Great series. I was anticipating this video!

At 12:20, in presenting Fraenkel's construction of a model of ZFA "without the axiom of choice", isn't it more accurate to call this a model of ZFA + (negation)AC rather than a model of ZFA - AC?

Can you use the axiom of choice to construct the real numbers in the decimal framework: 0.12323322348... where you can make an independant choice for each of the decimals and repeat that as many times as you want and for each integer part? And reverse question. Dont you need the axiom of choice to get the real numbers since those real number are almost all uncomputable and can be obtained (i guess) only be infinite choice?

The Axiom of Dependent Choice (sometimes called the Axiom of Countable Dependent Choice) is only powerful enough to deal with analysis in *separable* spaces. For example, it is enough to prove the Hahn-Banach theorem for *separable* Banach spaces but not for spaces such as L^\infty, which are not separable.

A statement is made in the video which seems to say that the Axiom of Choice is equivalent to an axiom that the Cartesian product of sets is empty if and only if at least one of the sets in the product is empty. Is this a correct understanding? Why is an axiom of choice preferred to this formulation, as it seems to be?

Fantastic series on the axioms! Are any model theory videos on the way? I'm interested to know more about models.
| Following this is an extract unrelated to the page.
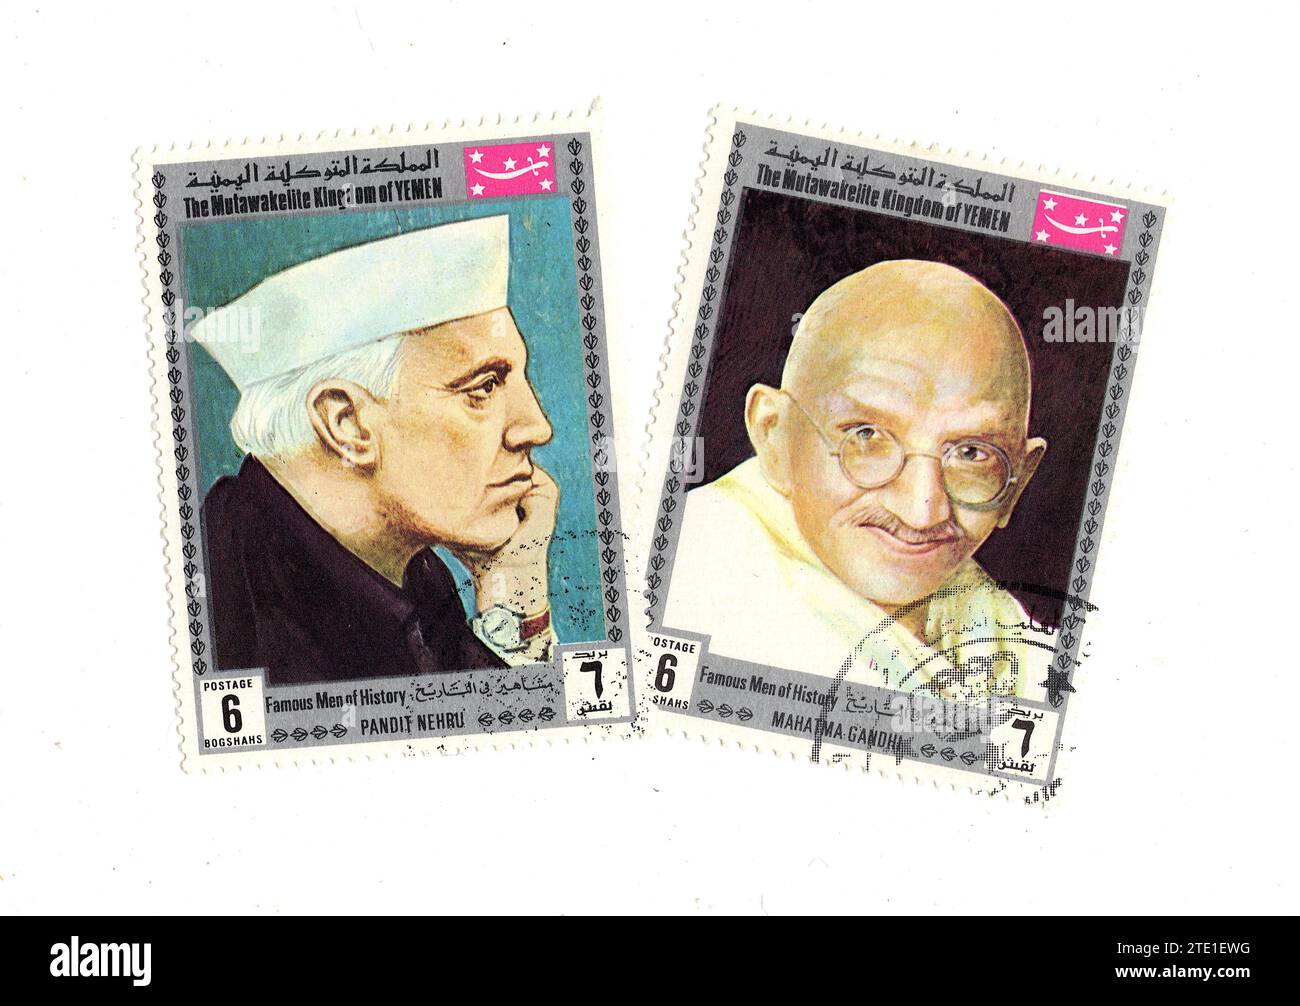 Vintage postage stamps from Yemen featuring portraits of Mahatma Gandhi and Pandit Nehru isolated on a white background. Stock Photo

It seems like a delicate area, since models seem to be sets, do model theory proofs themselves still use ZFC as the underlying system?

Do you have further resources on the Axiom of Choice for n element sets?

9:00 Defining definability turns out to be a quite tricky problem.

Why are there people who reject this AC? They have no choice! Honestly, as long as it is still being consistent, mathematics should always strive to be as powerful as possible. Having an elementary proof is second priority. I often even prever non-elementary proofs, since they are often very interesting.

Horrors with and without the Choice!!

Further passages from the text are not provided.